Answer
a) ${\bf 2.06\times 10^6}\;\rm m/s$
b) ${\bf12.09} \;\rm V$
Work Step by Step
$$\color{blue}{\bf [a]}$$
To induce the emission of 656 nm light from the $3\rightarrow2$ transition, the atom must first be excited from the ground state to the $n=3$ level.
Let's assume that the entire kinetic energy of the electron before the collision is transferred to the hydrogen atom.
Now we can determine the minimum speed of the electron beam by calculating the minimum energy needed to excite the atom from the ground state to $n=3$.

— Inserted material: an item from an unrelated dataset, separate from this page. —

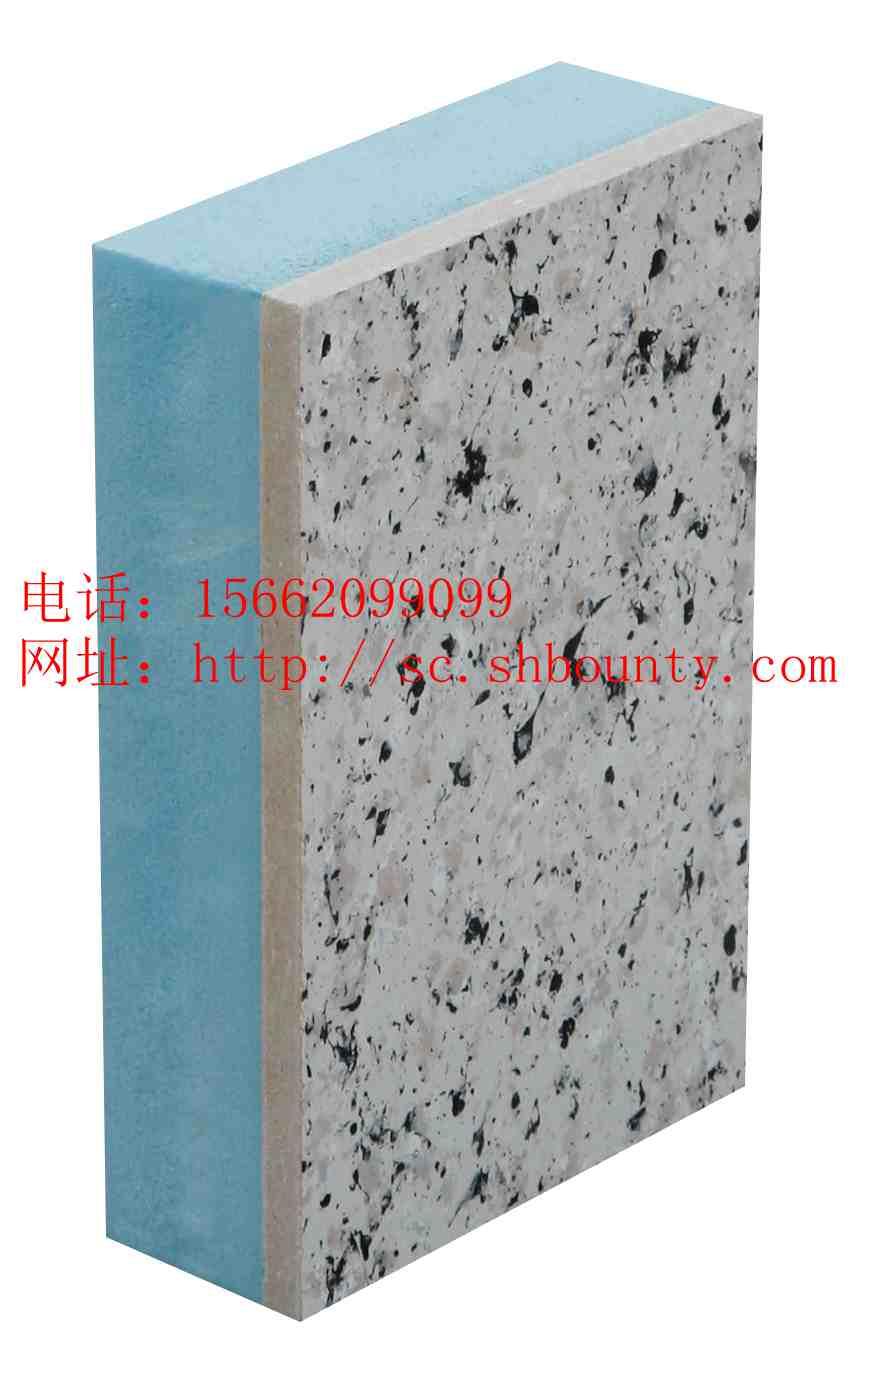 超薄石材图片/超薄石材样板图 (2)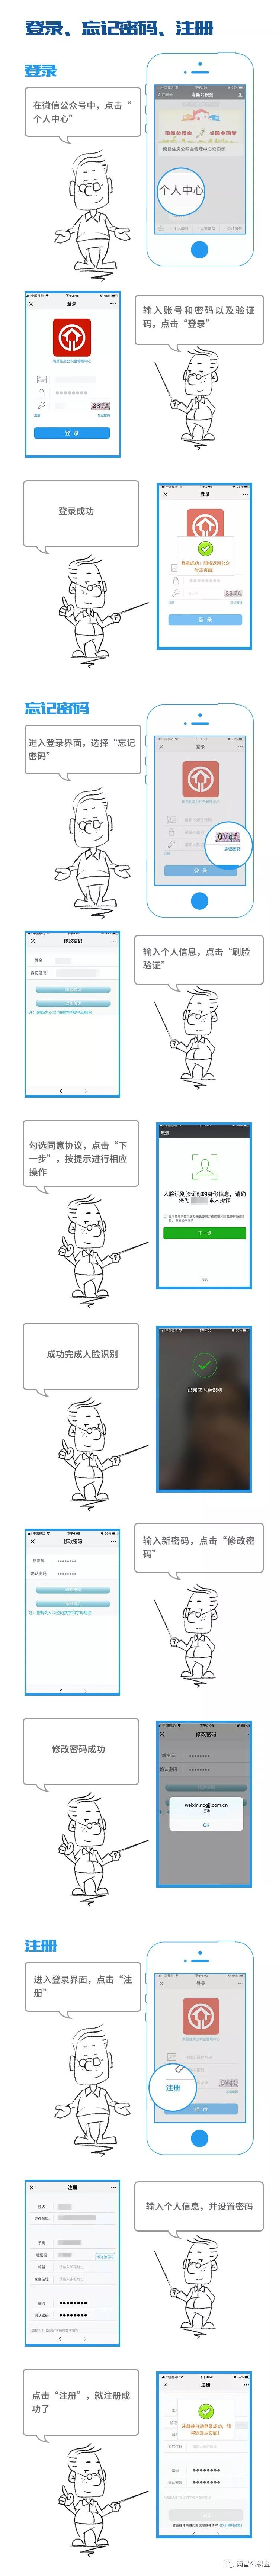 南昌购房提取公积金微信办理流程图解(附步骤图)

$$\Delta E_{1\rightarrow 3}=E_3-E_1=-1.51-(-13.6)=\bf12.09\;\rm eV $$
This is the energy required to excite the atom to the $n=3$ state which is the minimum energy needed from the electron.
Thus, the minimum kinetic energy of the electron before the collision is given by
$$K_{\rm min}=\frac{1}{2}mv_{\rm min}^2=12.09\;\rm eV$$
Hence,
$$v_{\rm min}=\sqrt{\dfrac{2(12.09)(e)}{m}}$$
Plug the known;
$$v_{\rm min}=\sqrt{\dfrac{2(12.09)(1.6\times 10^{-19})}{9.11\times 10^{-31}}}$$
$$v_{\rm min}=\color{red}{\bf 2.06\times 10^6}\;\rm m/s$$
$$\color{blue}{\bf [b]}$$
Recalling that the kinetic energy of the electron is given by
$$K=e(\Delta V)$$
So,
$$\Delta V=\dfrac{K}{e}=\dfrac{12.09\;e}{e}=\color{red}{\bf12.09} \;\rm V$$